I can’t get past all the LLM-isms. Do people really not care about AI-slopifying their writing? It’s like learning about bad kerning, you see it everywhere.
I had a similar reaction to OP for a different post a few weeks back - I think some analysis on the health economy. Initially as I was reading I thought - "Wow, I've never read a financial article written so clearly". Everything in layman's terms. But as I continued to read, I began to notice the LLM-isms. Oversimplified concepts, "the honest truth" "like X for Y", etc.
Maybe the common factor here is not having deep/sufficient knowledge on the topic being discussed? For the article I mentioned, I feel like I was less focused on the strength of the writing and more on just understanding the content.
LLMs are very capable at simplifying concepts and meeting the reader at their level. Personally, I subscribe to the philosophy of - "if you couldn't be bothered to write it, I shouldn't bother to read it".

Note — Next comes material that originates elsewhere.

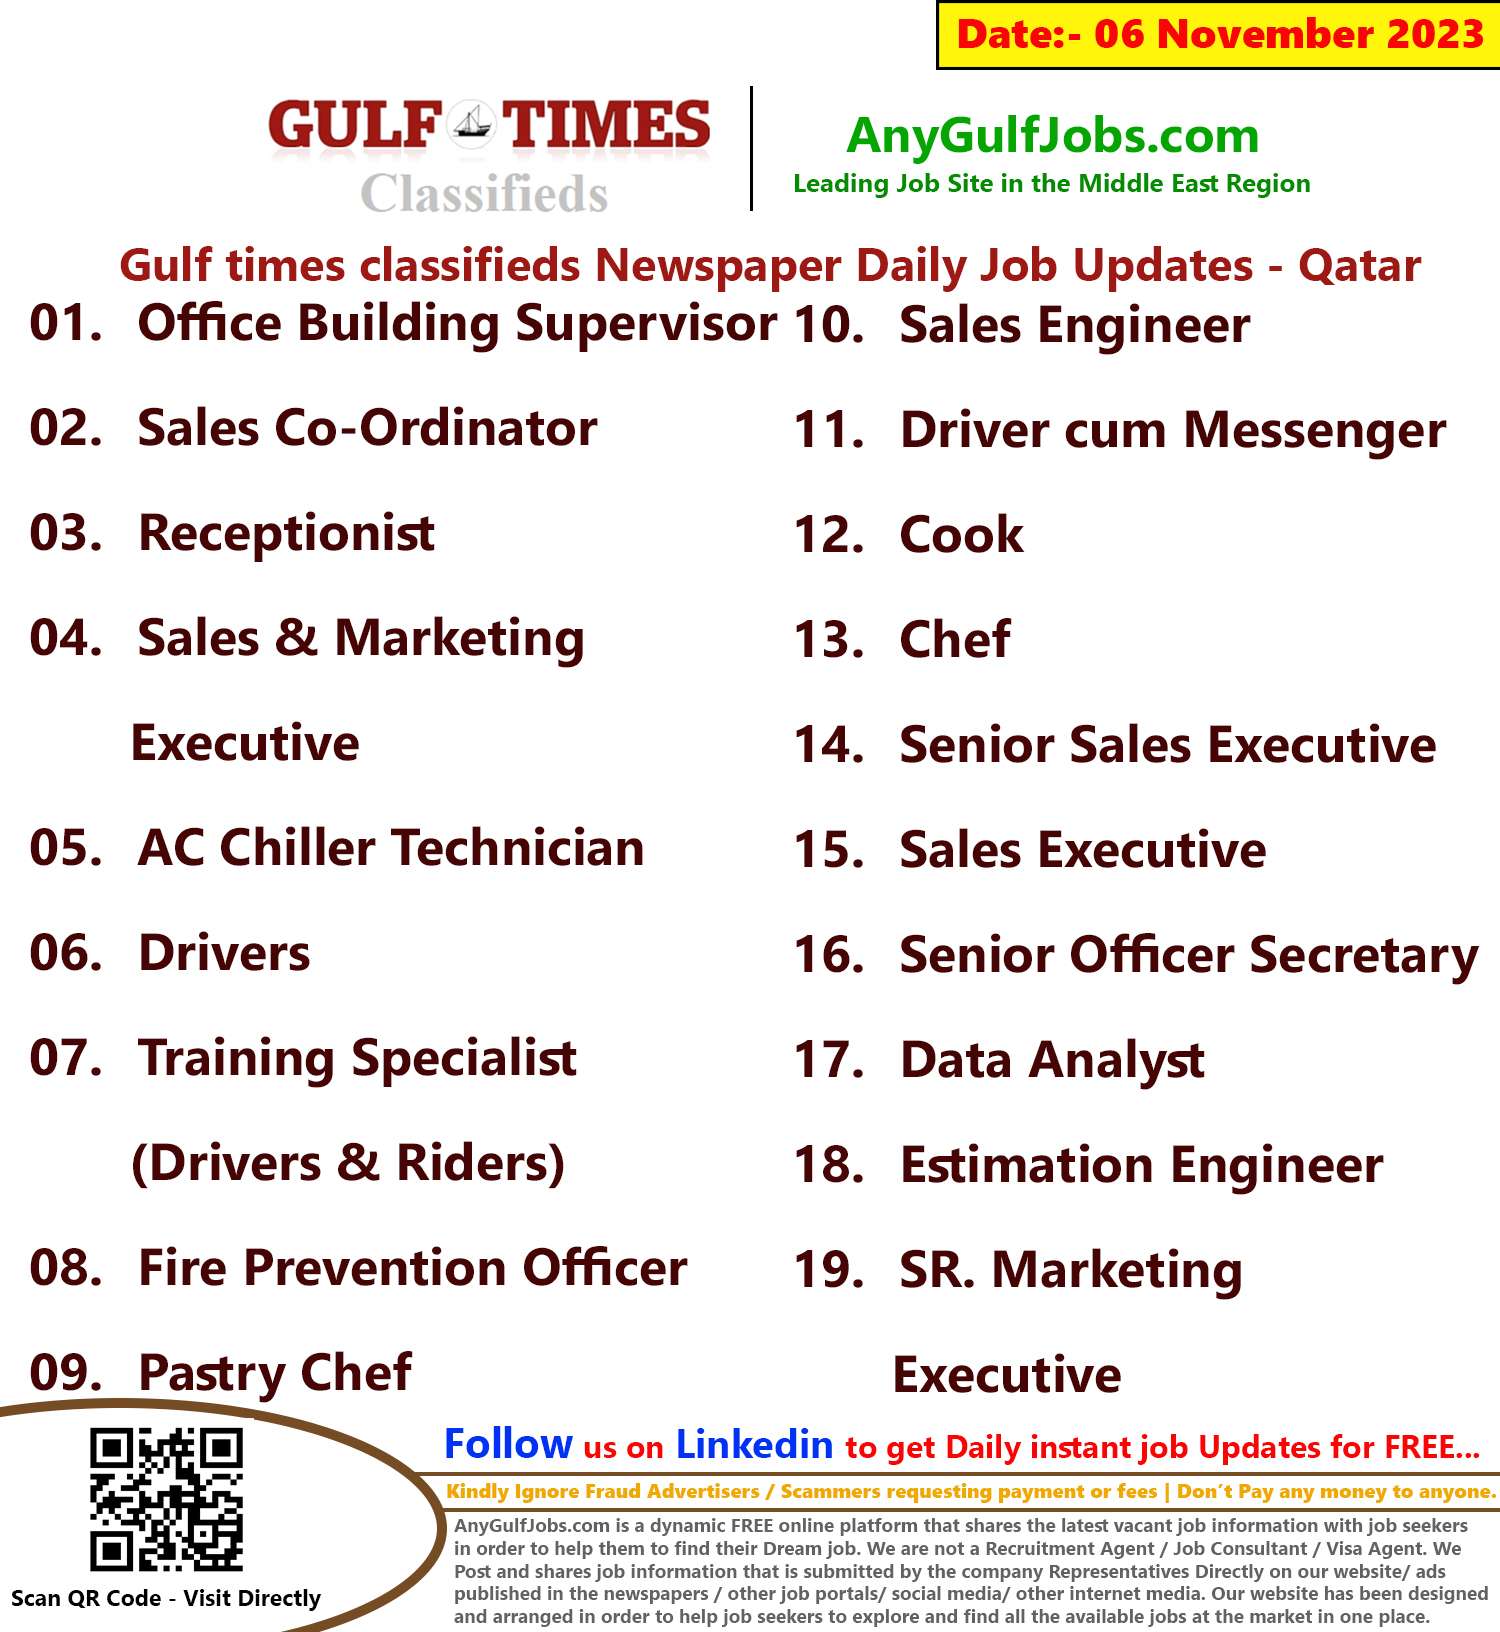 Gulf times classifieds Job Vacancies Qatar - 06 November 2023

This happens to non-native English speakers a lot (like me). My style of writing is heavily influenced by everything I read. And since I also do research using LLMs, I'll probably sound more and more as an AI as well, just by reading its responses constantly.
I just don't know what's supposed to be natural writing anymore. It's not in the books, disappears from the internet, what's left? Some old blogs for now maybe.
The wave of LLM-style writing taking over the internet is definitely a bit scary. Feels like a similar problem to GenAI code/style eventually dominating the data that LLMs are trained on.
But luckily there's a large body of well written books/blogs/talks/speeches out there. Also anecdotally, I feel like a lot of the "bad writing" I see online these days is usually in the tech sphere.
> The real story is actually in the article. … And the real issue for Cursor … They have real "brand awareness", and they are genuinely better than the cheaper open weights models - for now at least. It's a real conundrum for them.
> … - these are genuinely massive expenses that dwarf inference costs.
Popular content is popular because it is above the threshold for average detection.
In a better world, platforms would empower defenders, by granting skilled human noticers flagging priority, and by adopting basic classifiers like Pangram.
Unfortunately, mainstream platforms have thus far not demonstrated strong interest in banning AI slop. This site in particular has actually taken moderation actions to unflag AI slop, in certain occasions...
It is certainly very obvious a lot of the time. I wonder if we revisited the automated slop detection problem we’d be more successful now… it feels like there are a lot more tells and models have become more idiosyncratic.
You could also have had the courtesy to put that in your original post. But let’s not get meta.
I did a quick test and it detected an AI summary of a random topic, even after two prompts to disguise it. So as expected it may have become a lot easier to detect.
This is an Internet forum and one of the ways such places are valuable is that it enables you to ask questions to other humans and allows those other humans, if they'd like, to answer.
You will get better results asking questions like GP's than Googling because you're asking the specific person who made a claim to quote an example, so you can judge from the specific example they provide, rather than the Google results. The best answers are often technically interesting niche tools which don't have great SEO.
Case in point: the platform you recommended does not show up anywhere on my first page of Duck.com results.